On the contrary, gold and West Texas Intermediate Oil limited commodity losses, rising by around 10 percent and 8.2 percent, respectively, supported by the global economic uncertainties and the geopolitical tensions that erupted in the Middle East.
On the investment front, risk aversion was apparent from the reduced net inflows to commodity-related exchange-traded products that totaled $ 10 billion, a meager figure compared to around $ 60 billion in 2010.
Looking forward into 2012, commodities might recover part of the losses incurred last year, especially that the developing economies in general and monetary policy makers in specific have reversed course of late as risks to growth take precedence over inflationary pressures.
The report added: “The Saudi economy had an exceptional performance in 2011, yet we project real GDP to moderate to 3.9 percent in 2012.
The Kingdom’s nominal GDP crossed the 20 percent threshold for the first time since 2008, expanding 28 percent to SR 2.16 trillion, thus, boosting per capita income to an estimated SR76,000, the highest on record. Meanwhile, real GDP grew by 6.8 percent compared to 4.6 percent in 2010. This sharp expansion in nominal and real terms was driven by the surge in oil prices, higher crude production, robust domestic demand, and prudent macroeconomic policies. The nonoil private sector, in particular, was stimulated by the series of royal decrees announced in Q1 2011, amounting to around SR 400 billion in supplementary spending, with an estimated SR 110 billion to have been spent in 2011. Going forward, we project real GDP growth of 3.9 percent for 2012 due mainly to base effects, including the slower pace of increase in Saudi oil production, and the fading-out of one time transfers estimated at around SR 94 billion, representing around 4.3 percent of 2011’s GDP. A tightly balanced global oil markets still remains our baseline scenario for the near term, which will ensure that oil prices remain high.”
The report said that contribution of the oil sector to the Kingdom’s economic growth will remain positive, albeit modest compared to last year.
Even though the European sovereign debt crisis intensified in the second half of 2011, the geopolitical unrest that impacted the Middle East and continues to do so, supported the upside trajectory of crude.
As a result, the Arabian light oil prices averaged $108/bbl in 2011, a 39 percent increase over 2010 average levels.
Furthermore, the war conflict in Libya that escalated in February 2011 enabled the Kingdom as a swing producer to increase its daily production to offset the shortage in supply, with Saudi oil output rising by 13.3 percent in 2011 to average 9.25 MMBD.
In 2012, Saudi Arabia continues to benefit from this ensuing positive oil price dynamics that propelled the benchmark Arabian light to a three year high of $ 127.5/bbl in March and to an average of around $ 118.5/bbl year to date.
On the production side, the Kingdom maintains elevated levels of production that have not been witnessed since 1980s due to various supply disruptions pertaining to non-OPEC members and Iran’s crude exports.

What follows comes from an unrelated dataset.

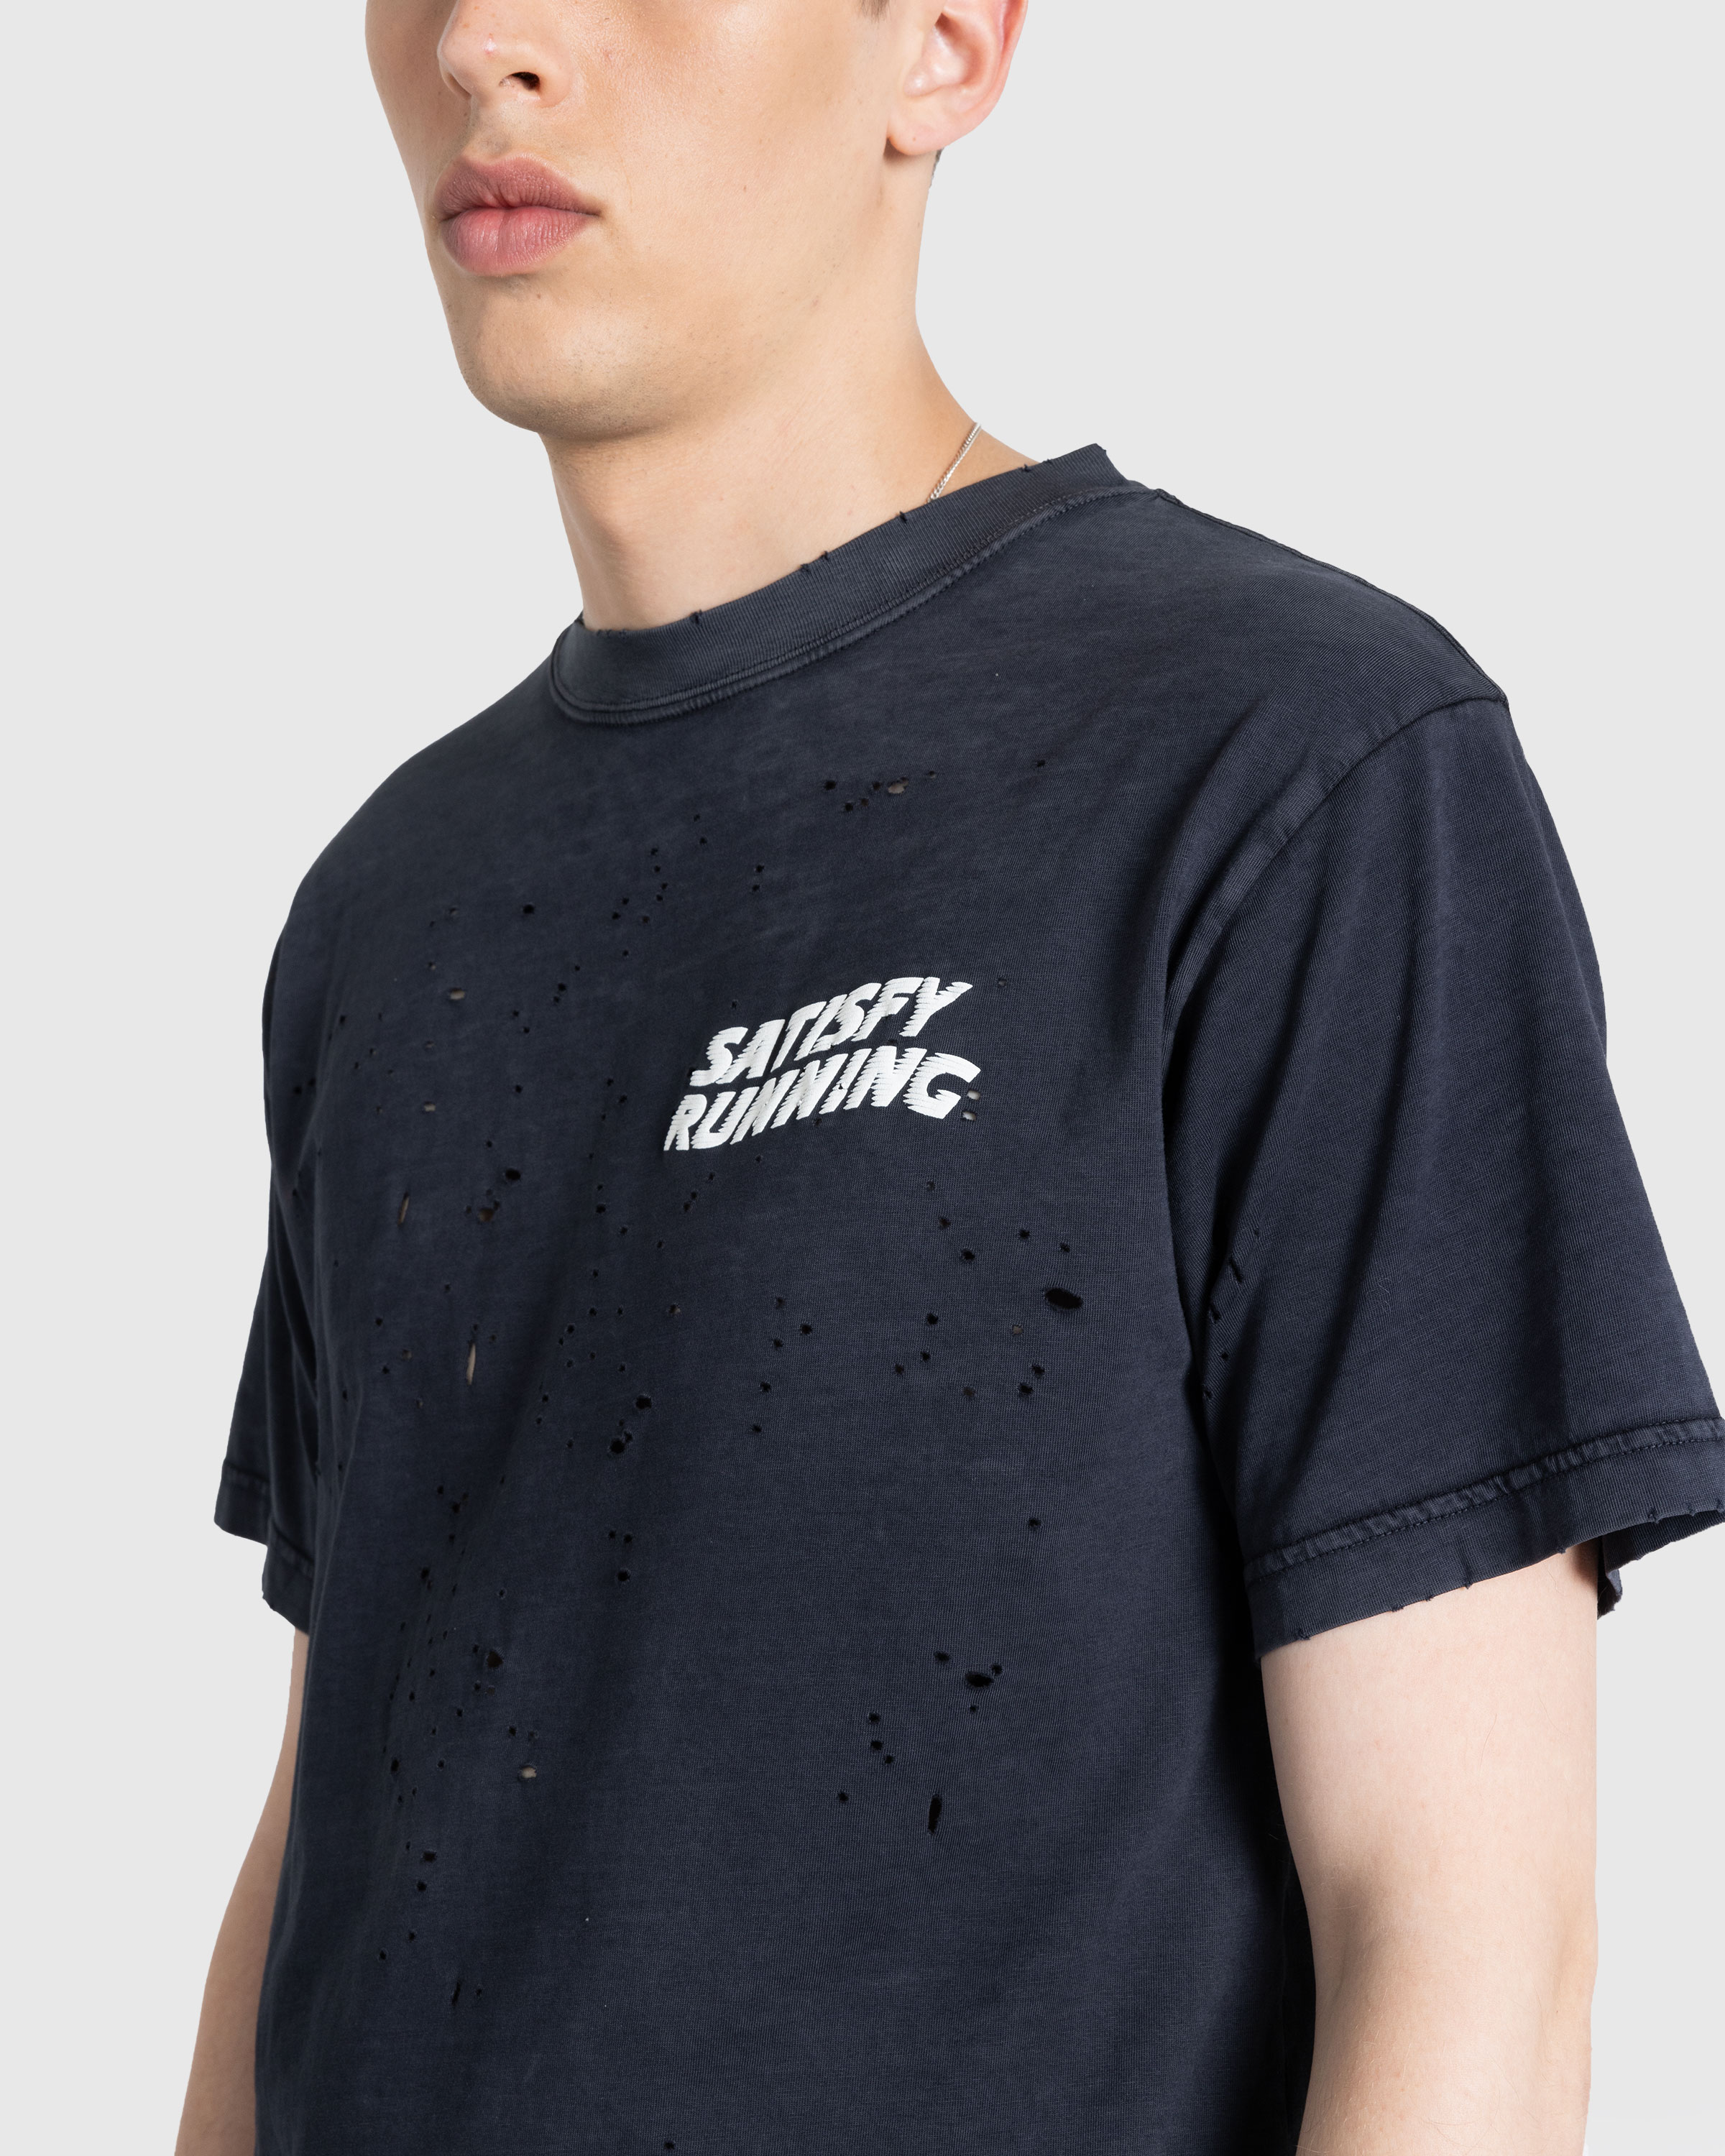 Satisfy – MothTech T-Shirt Stone Black - T-Shirts - Grey - Image 5

As mentioned earlier, the non-Iranian troubles, from the pipeline dispute between Sudan and South Sudan to outages in the North Sea, have knocked an estimated 700,000 b/d off global supply while the EU and US sanctions are expected to reduce Iranian exports by an additional 0.5-1 MMBD.

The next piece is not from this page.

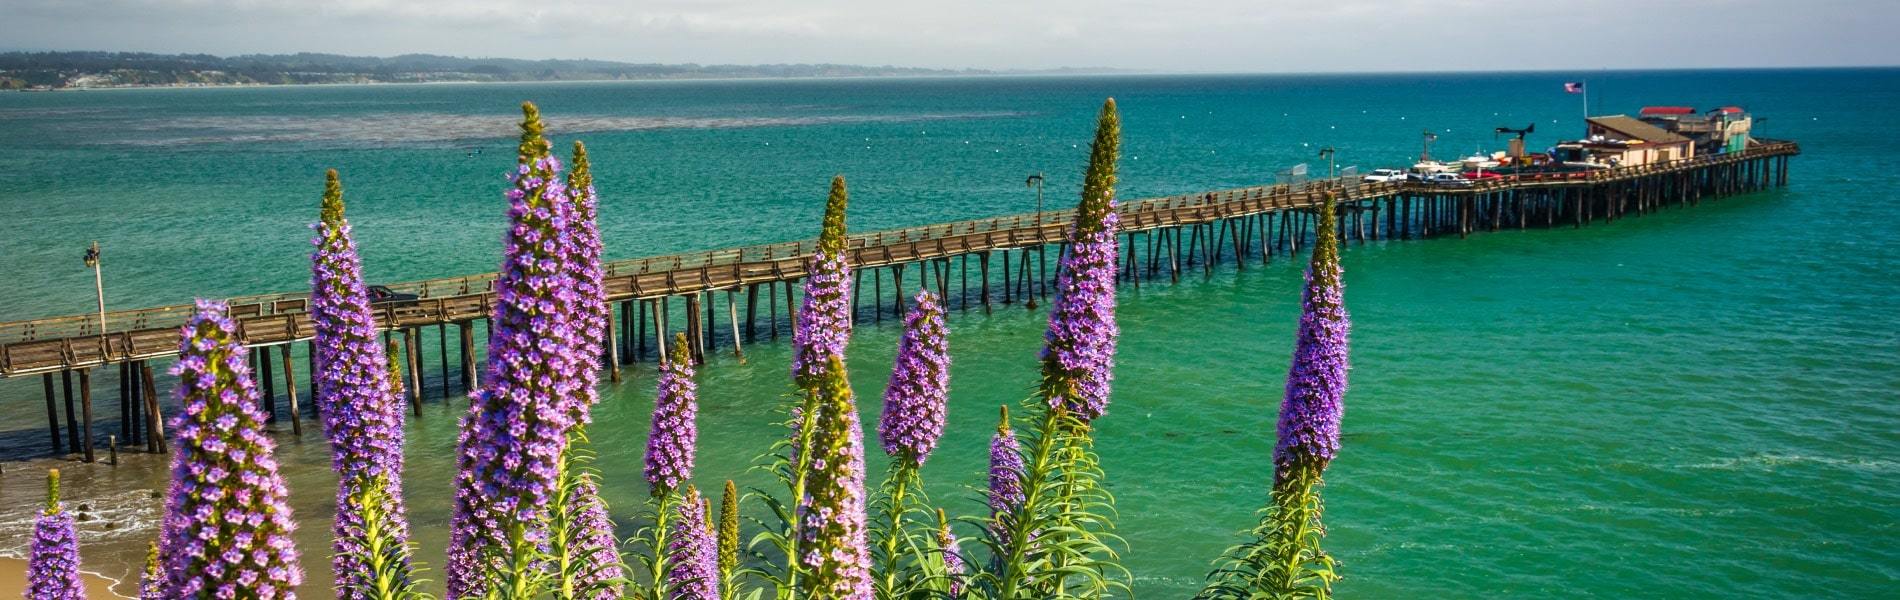 View of ocean, flowers, and pier near Jewel Box in Santa Cruz

In spearheading the first new output agreement since 2008 for OPEC countries back in December that increased the quota from 24.84 to 30 MMBD of production; the Kingdom had shown adamancy to keep a leash on oil prices by maintaining current levels of production.
“Thus, we expect Saudi oil production to average 9.4 MMBD in 2012, yet marginally higher by 1.6 percent than the output of 2011,” said the report.
“Additionally, with our forecast of $ 105/bbl for the average Arabian light spot prices, we project revenues to register SR1,006 billion, the second highest on record,” it added.